I was overjoyed when I first heard SeaWorld San Diego was going to build an Aquatica water park.
The original Aquatica at SeaWorld Orlando in Florida was an instant success, setting a new standard for excellence and excess in the water park industry when it opened in 2008. Today, Aquatica Orlando's combination of one-of-a-kind water slides and up-close animal interactions attracts 1.5 million visitors per year, making it one of the Top 10 water parks in the world.
After a preview visit on Thursday, it pains me to say all Aquaticas are not created equal. The "new" San Diego water park pales in comparison to its Orlando namesake.
Rather than build a new state-of-the-art water park from the ground up as it did in Orlando, SeaWorld decided to buy Knott's Soak City in Chula Vista, located more than 20 miles southeast of the San Diego marine park.
After a speedy four-month facelift, Aquatica San Diego looks pretty much like any water park you've ever visited -- with a completely ordinary mix of body slides, tube slides, wave pool and lazy river. There's certainly plenty of wet and wild fun, but nothing on the grand scale of Orlando's Aquatica.
In fact, nothing about Aqautica San Diego makes any sense. The typical strategy in the theme park industry is to build a hotel and then a "second gate" next door to increase visitor stays and thus drive up spending. But that wasn't a possibility at SeaWorld San Diego, where there's no room to expand at the marine park or in the adjacent parking lot.

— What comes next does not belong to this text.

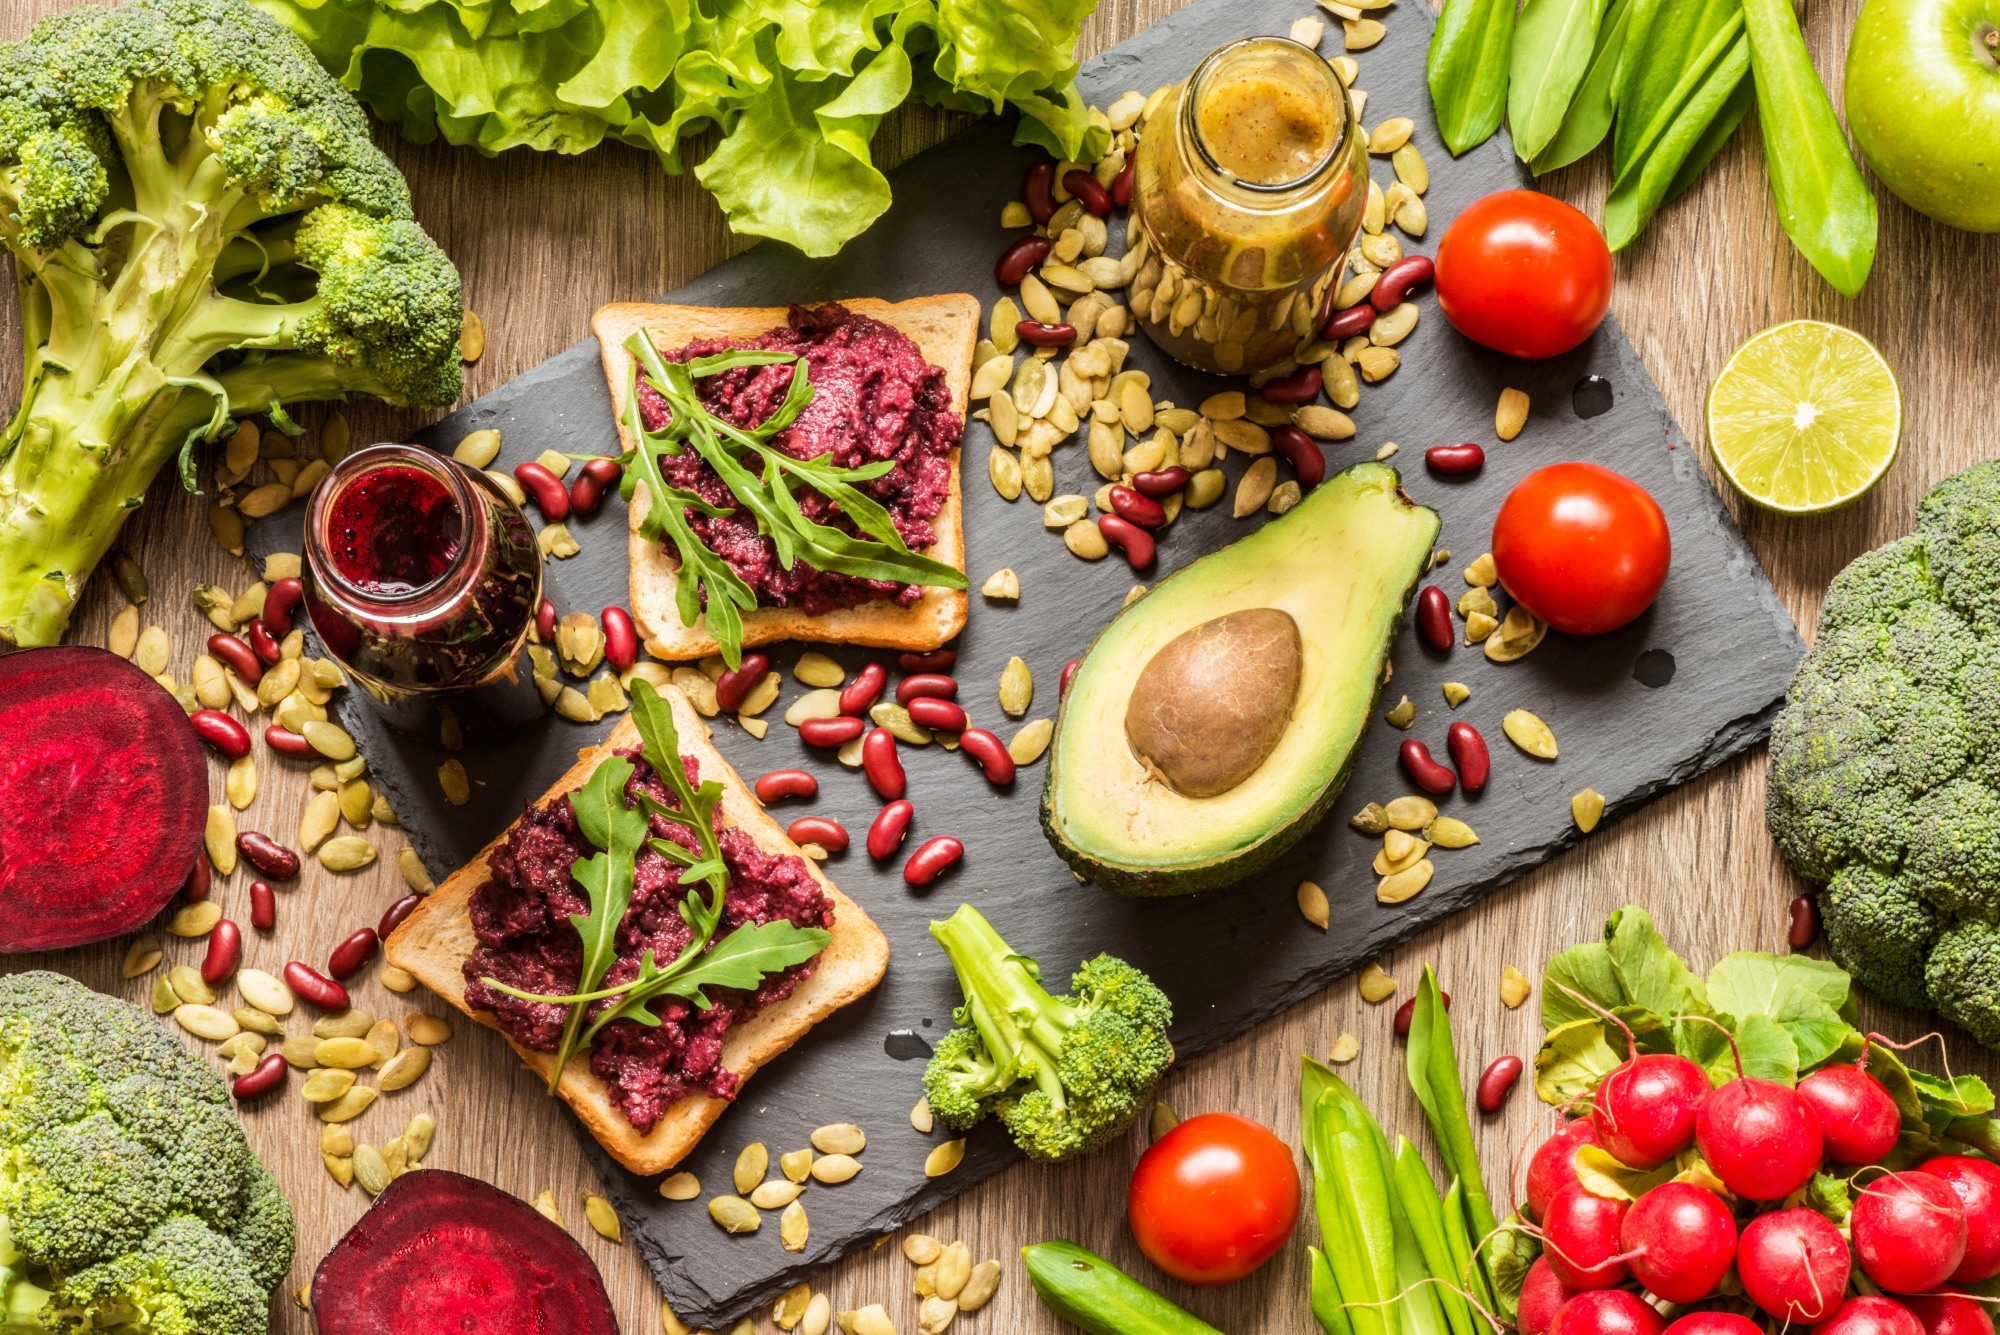 Study: Vegan Diets for Children: A Narrative Review of Position Papers Published by Relevant Associations. Image Credit: RONEDYA/Shutterstock.com

Also missing from the remade San Diego water park is a signature attraction with a marine animal interaction, a trademark of Aqautica parks in Orlando and San Antonio.
In Florida, visitors spy dolphins as they pass through a clear underwater tube slide. In Texas, a raft slide takes riders through an underground grotto with stingrays and tropical fish. In California, pink flamingos greet visitors at the front gate far from any slides. SeaWorld officials say it's unlikely the Chula Vista water park will ever get one of the marquee animal interaction water slides.
Aquatica Orlando was deemed a fool's folly when construction began in 2007. Industry insiders declared the $50-million water park with what looked like a showroom full of the latest and greatest water slides on a ridiculously large 60-acre parcel would never draw enough visitors to make money. Today, Aquatica Orlando sits behind only Disney World's Typhoon Lagoon and Blizzard Beach in the United States in terms of attendance.
In 2012, SeaWorld San Antonio converted the existing Lost Lagoon water park located next door to the marine park into a $24 million Aquatica with 18 water slides on 20 acres. The renovation added two new first-of-a-kind water slides, including the animal interaction Stingray Falls family raft ride.
By comparison, the Chula Vista water park neither added nor removed any slides during construction. Aside from some new paint, a nursery full of tropical trees and truckloads of sand for a beach near the wave pool, the layout of the water park remains essentially unchanged. Visually speaking, Aquatica San Diego looks brand new with the South Seas theme, peaked roof architectural motif and playful animal mascots found in Orlando and San Antonio. And while the 17-acre Chula Vista water park is surrounded by 50 acres of open space and parking, officials say there are no plans to build a rival to Aquatica Orlando.
I had fun during my visit to Aquatica San Diego, just as I do at every water park. But Aquatica Orlando and Aquatica San Diego are about as similar as Paris, France, and Paris, Texas. They share the same name, but offer completely different experiences.
I suspect most people who visit Aquatica San Diego will never know or care what could have been. But I will.